## What this task involves
Would you please write out only the lines running from the top of the listing through the one holding "Livre 'Le Centre", exactly, with both ends kept and pictures left out?

------ Given records ------

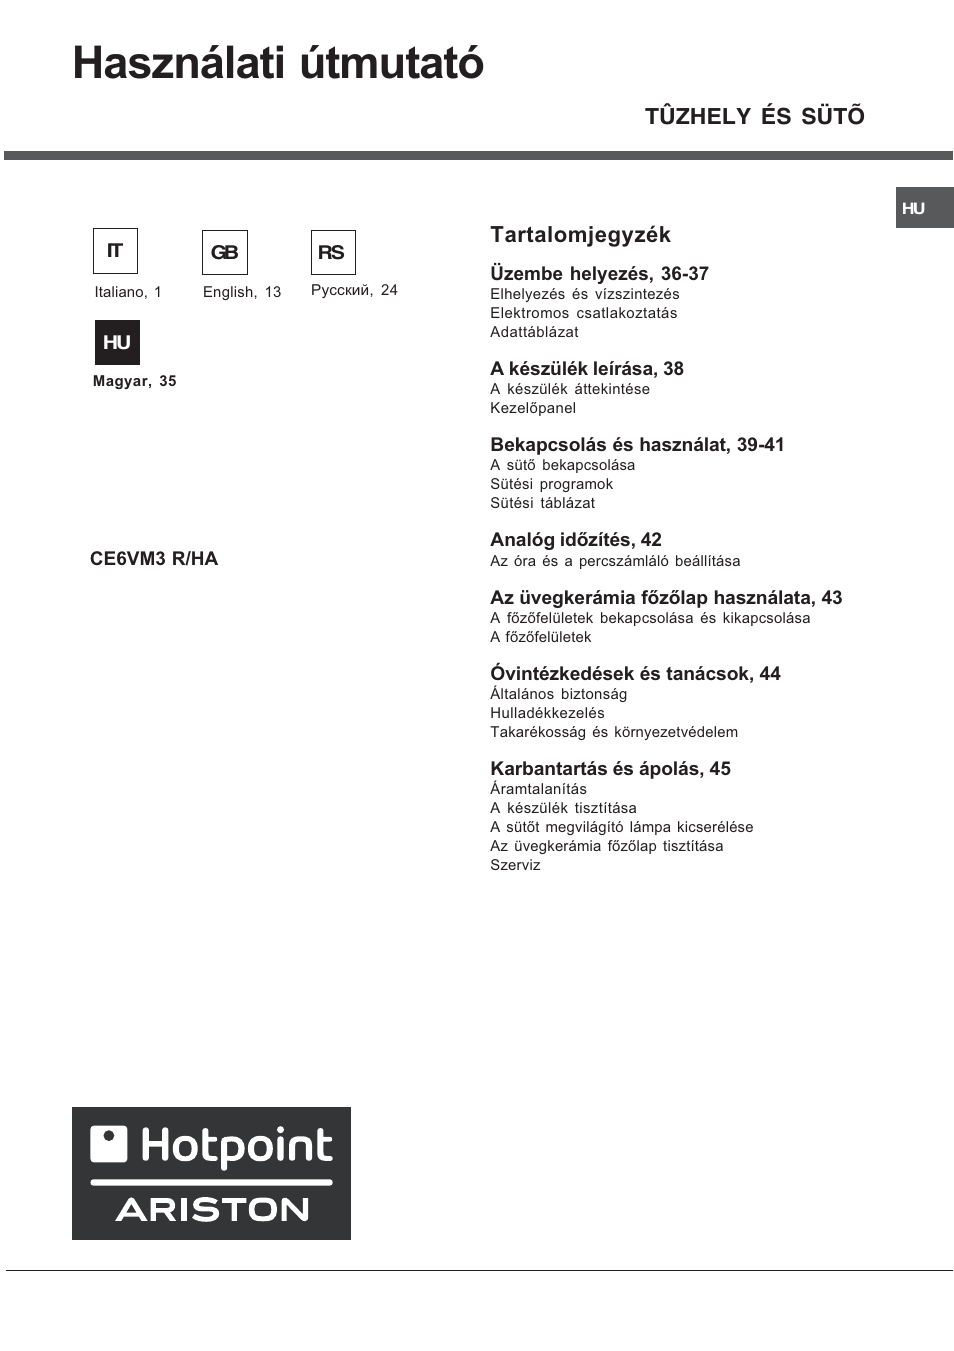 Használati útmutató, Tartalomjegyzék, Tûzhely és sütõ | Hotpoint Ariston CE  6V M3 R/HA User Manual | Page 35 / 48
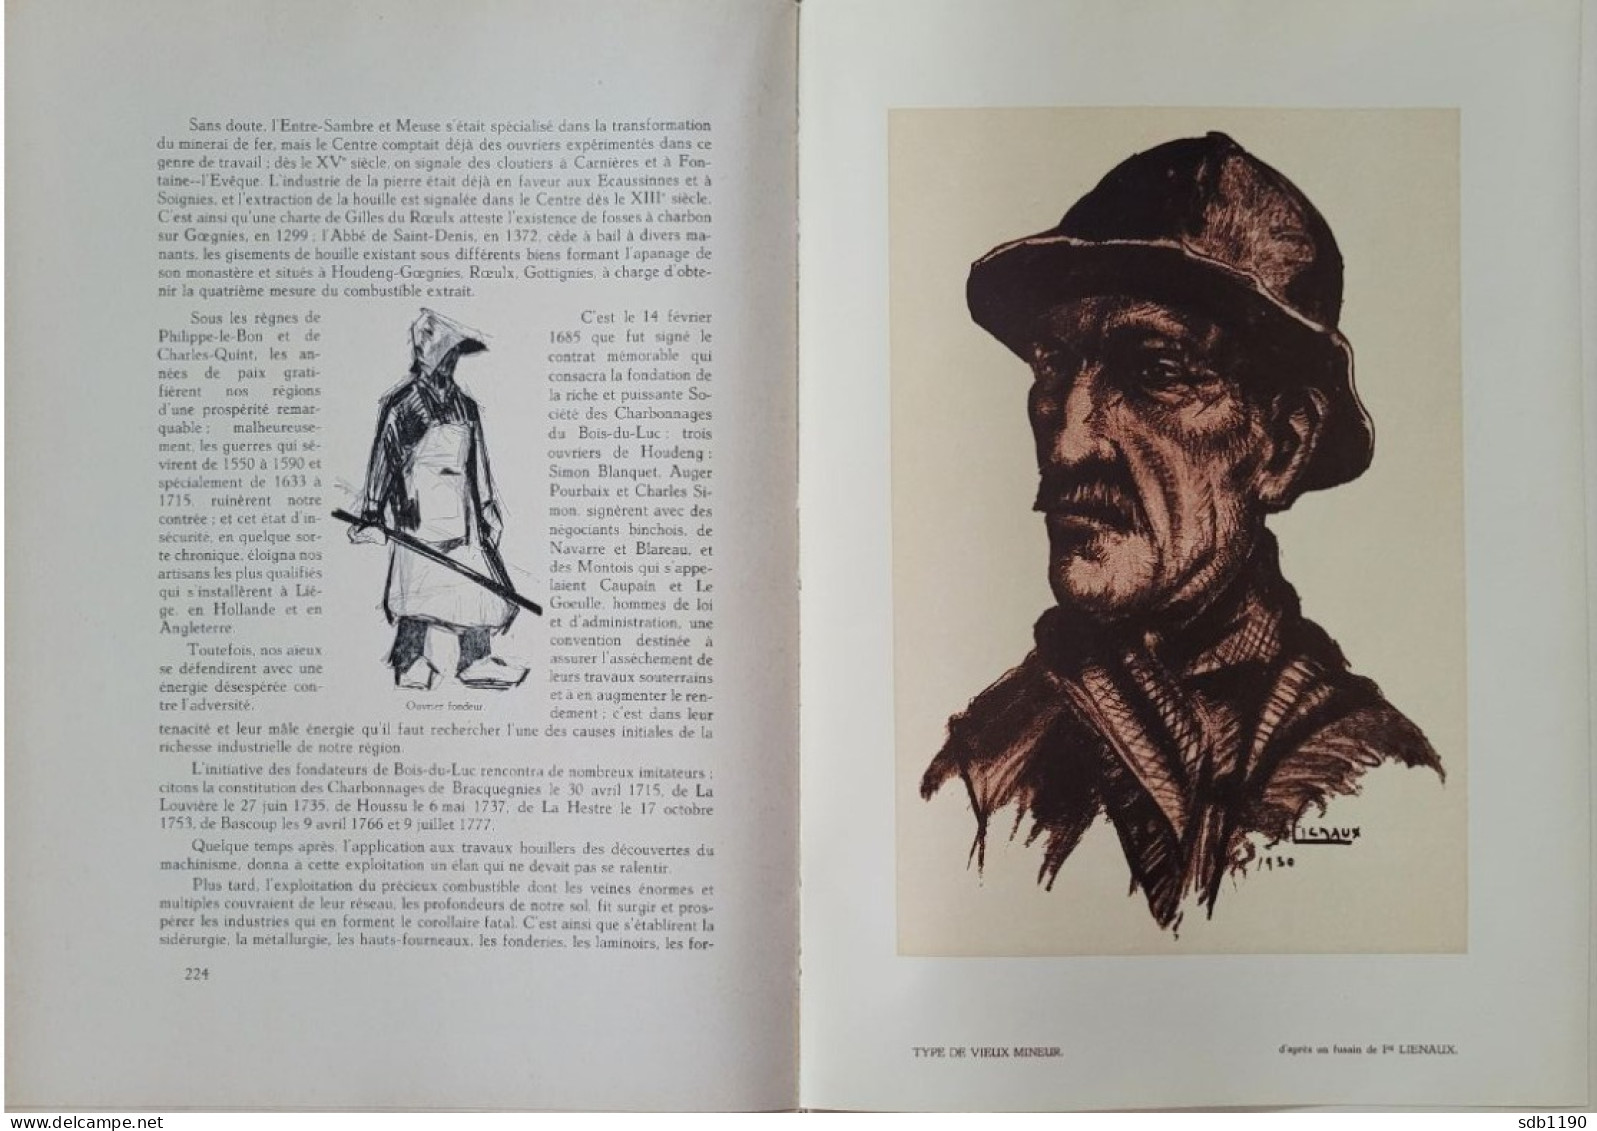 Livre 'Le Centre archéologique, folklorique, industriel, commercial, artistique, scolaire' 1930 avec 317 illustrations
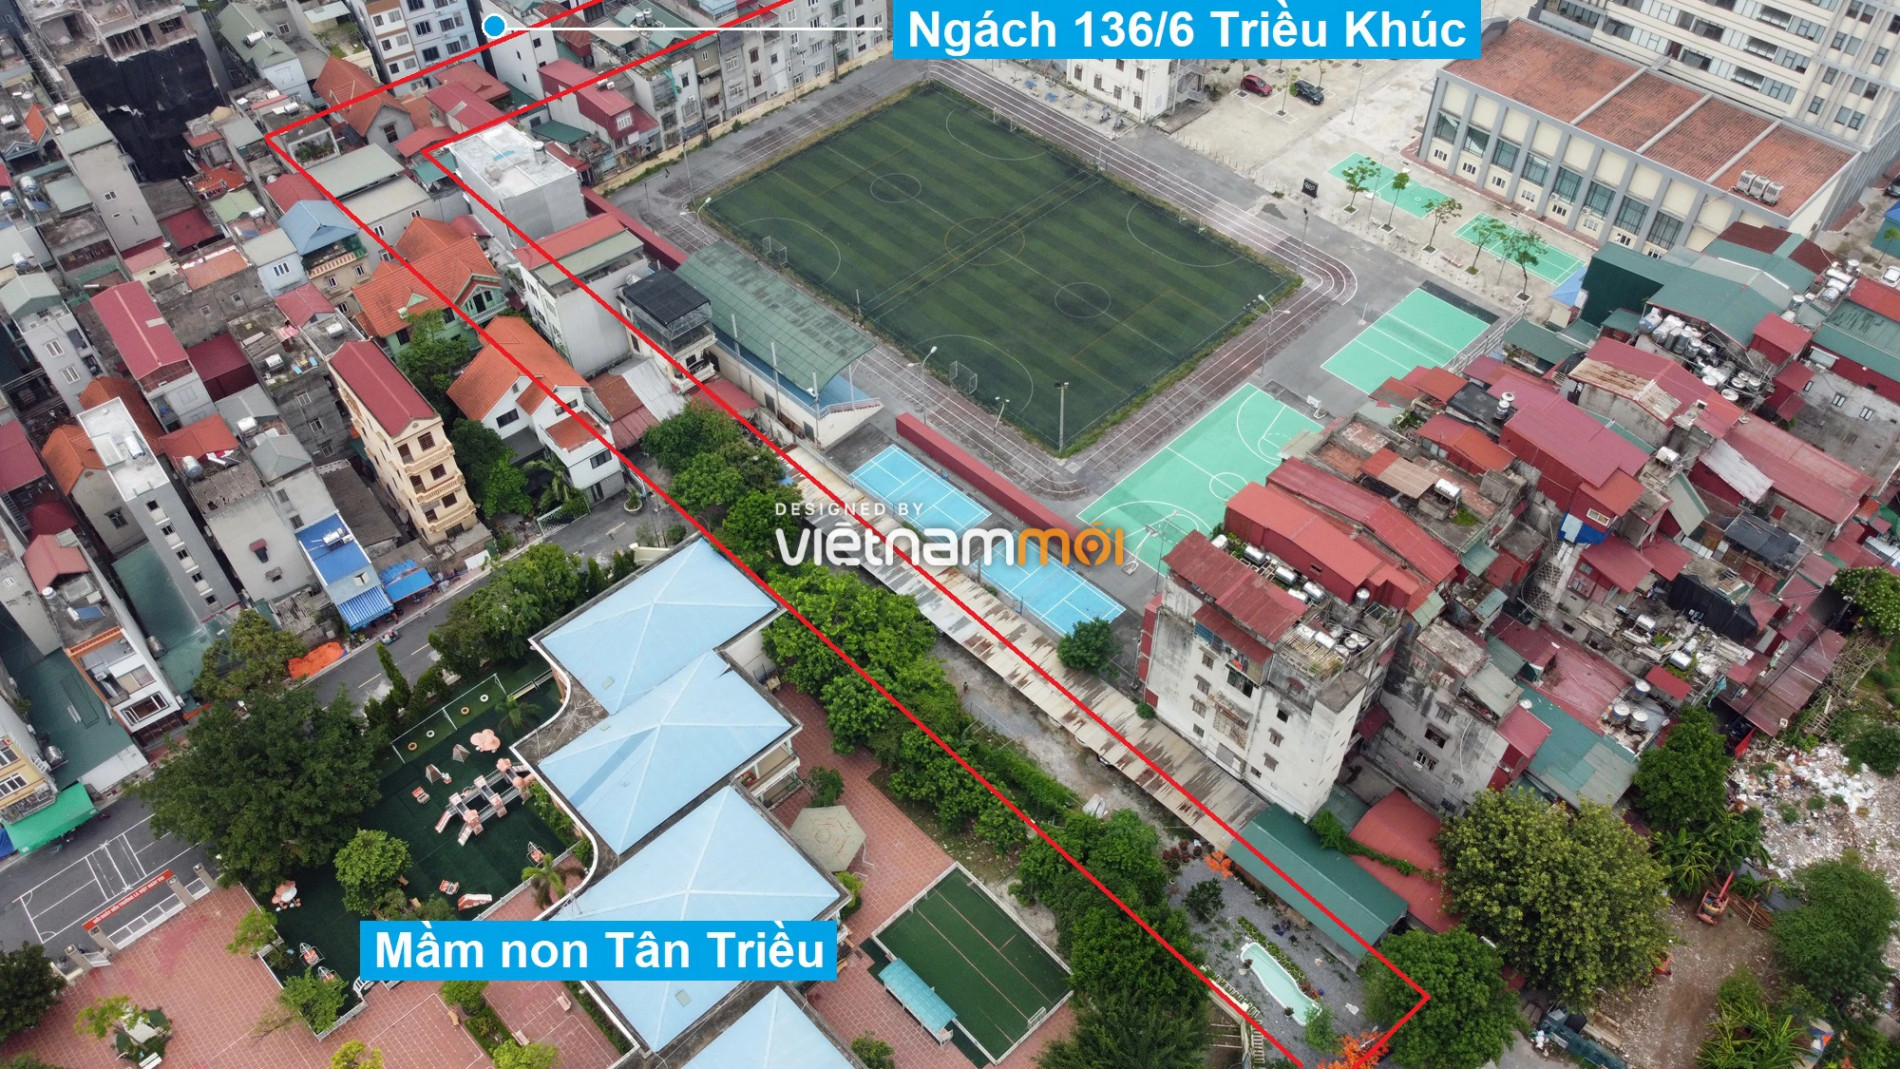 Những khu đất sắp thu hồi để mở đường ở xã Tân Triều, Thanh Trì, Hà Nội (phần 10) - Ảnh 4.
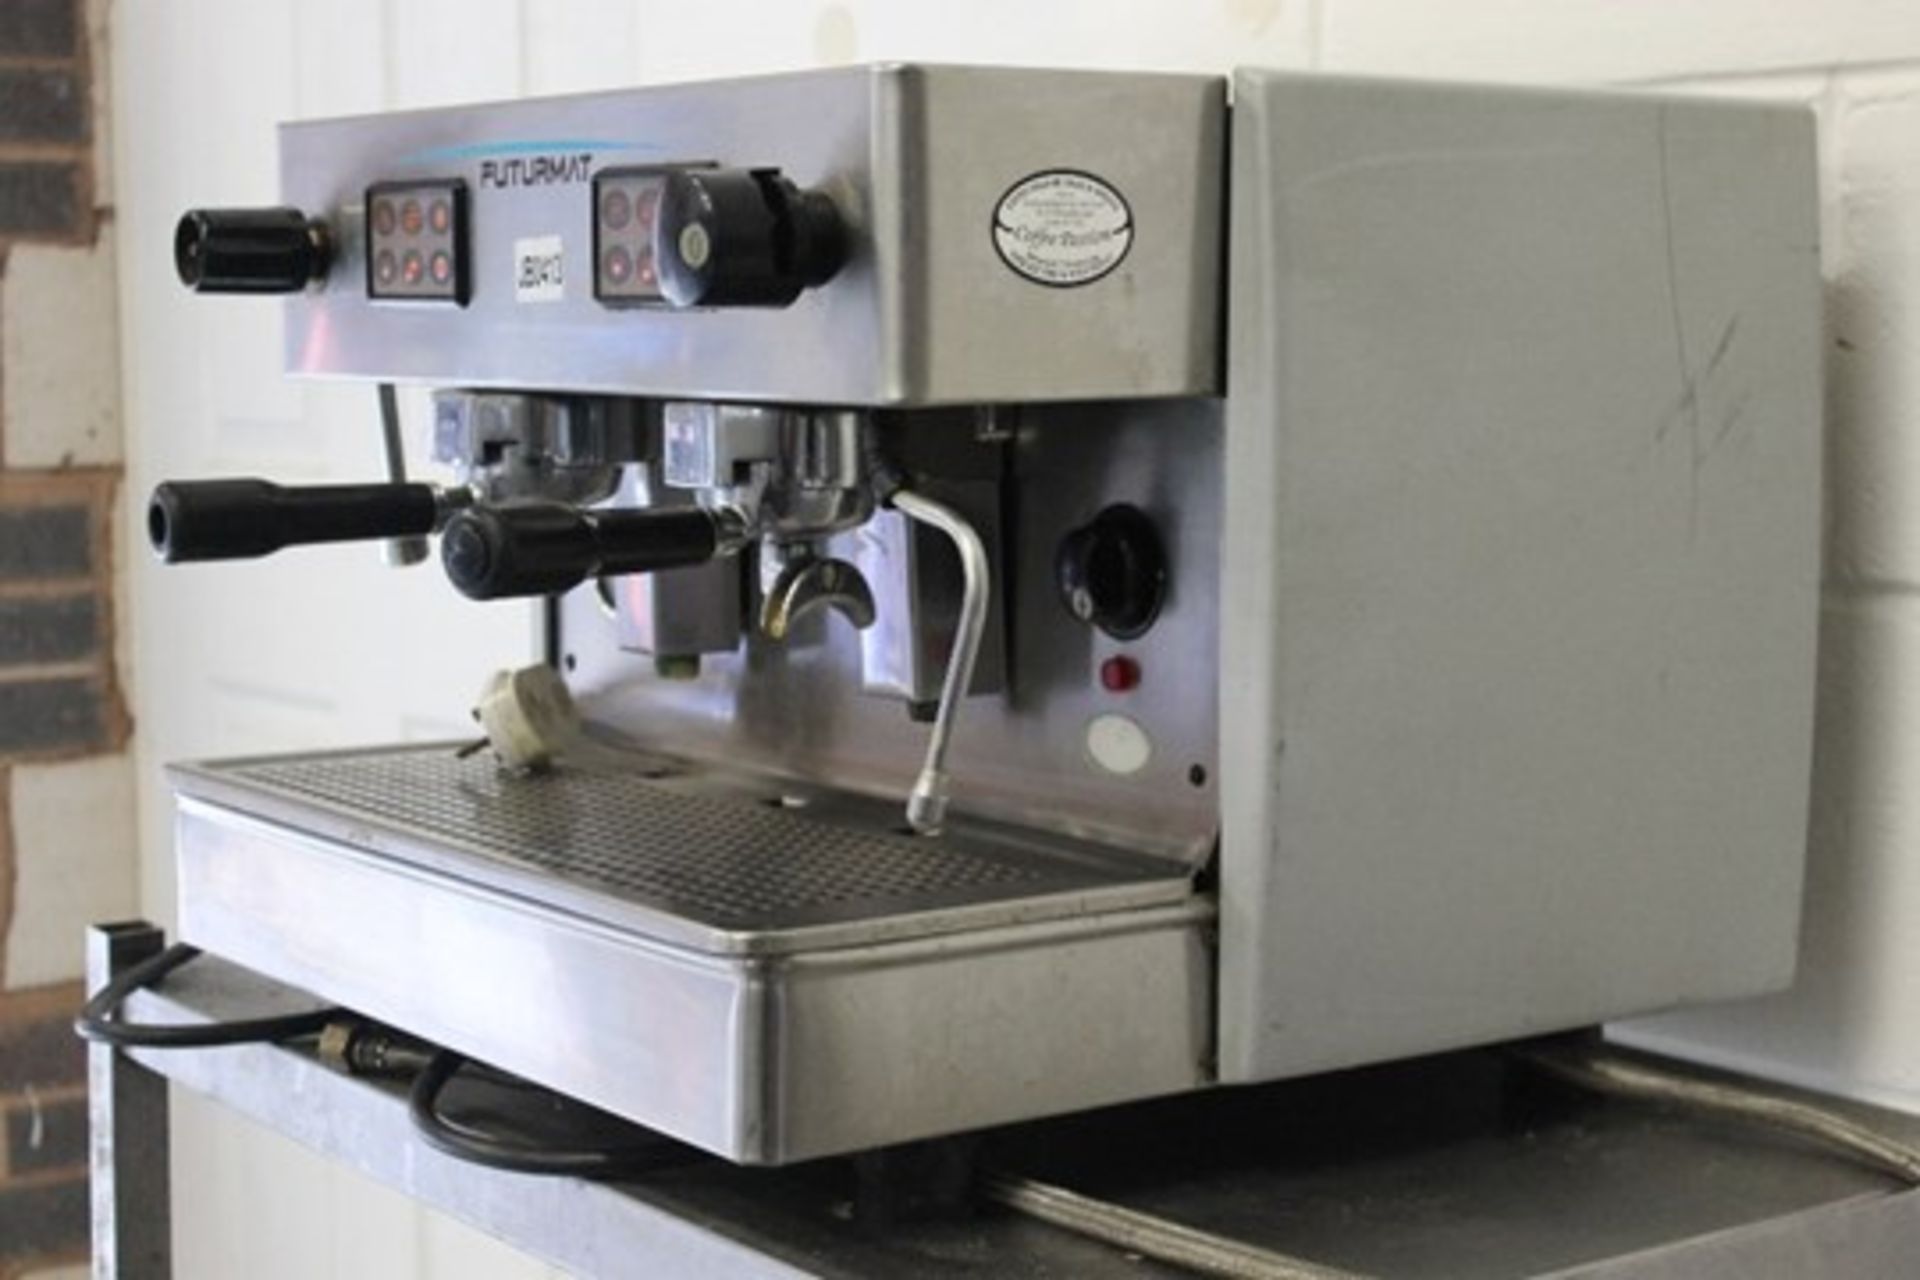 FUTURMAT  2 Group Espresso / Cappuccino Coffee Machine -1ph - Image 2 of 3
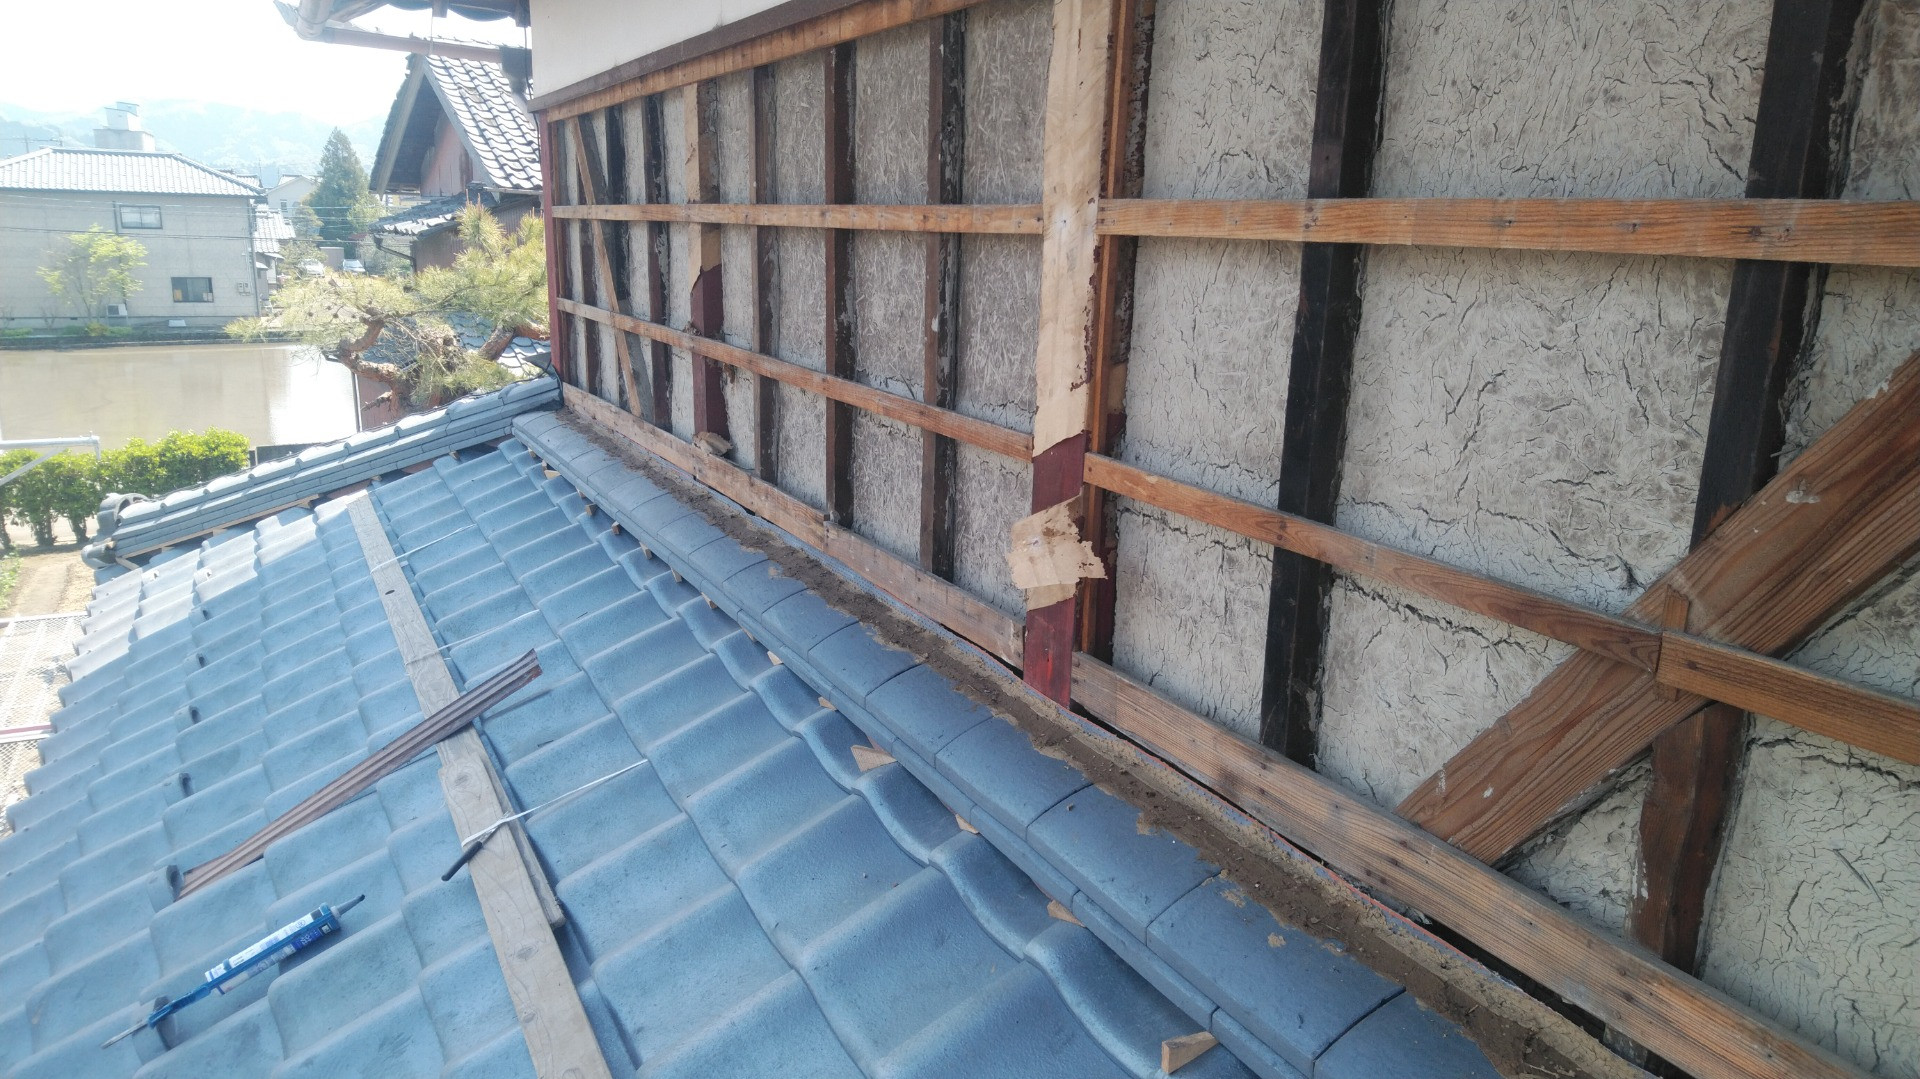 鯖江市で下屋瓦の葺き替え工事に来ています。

------

## Solved problem
 Használati útmutató, Tartalomjegyzék, Tûzhely és sütõ | Hotpoint Ariston CE  6V M3 R/HA User Manual | Page 35 / 48
 Livre 'Le Centre archéologique, folklorique, industriel, commercial, artistique, scolaire' 1930 avec 317 illustrations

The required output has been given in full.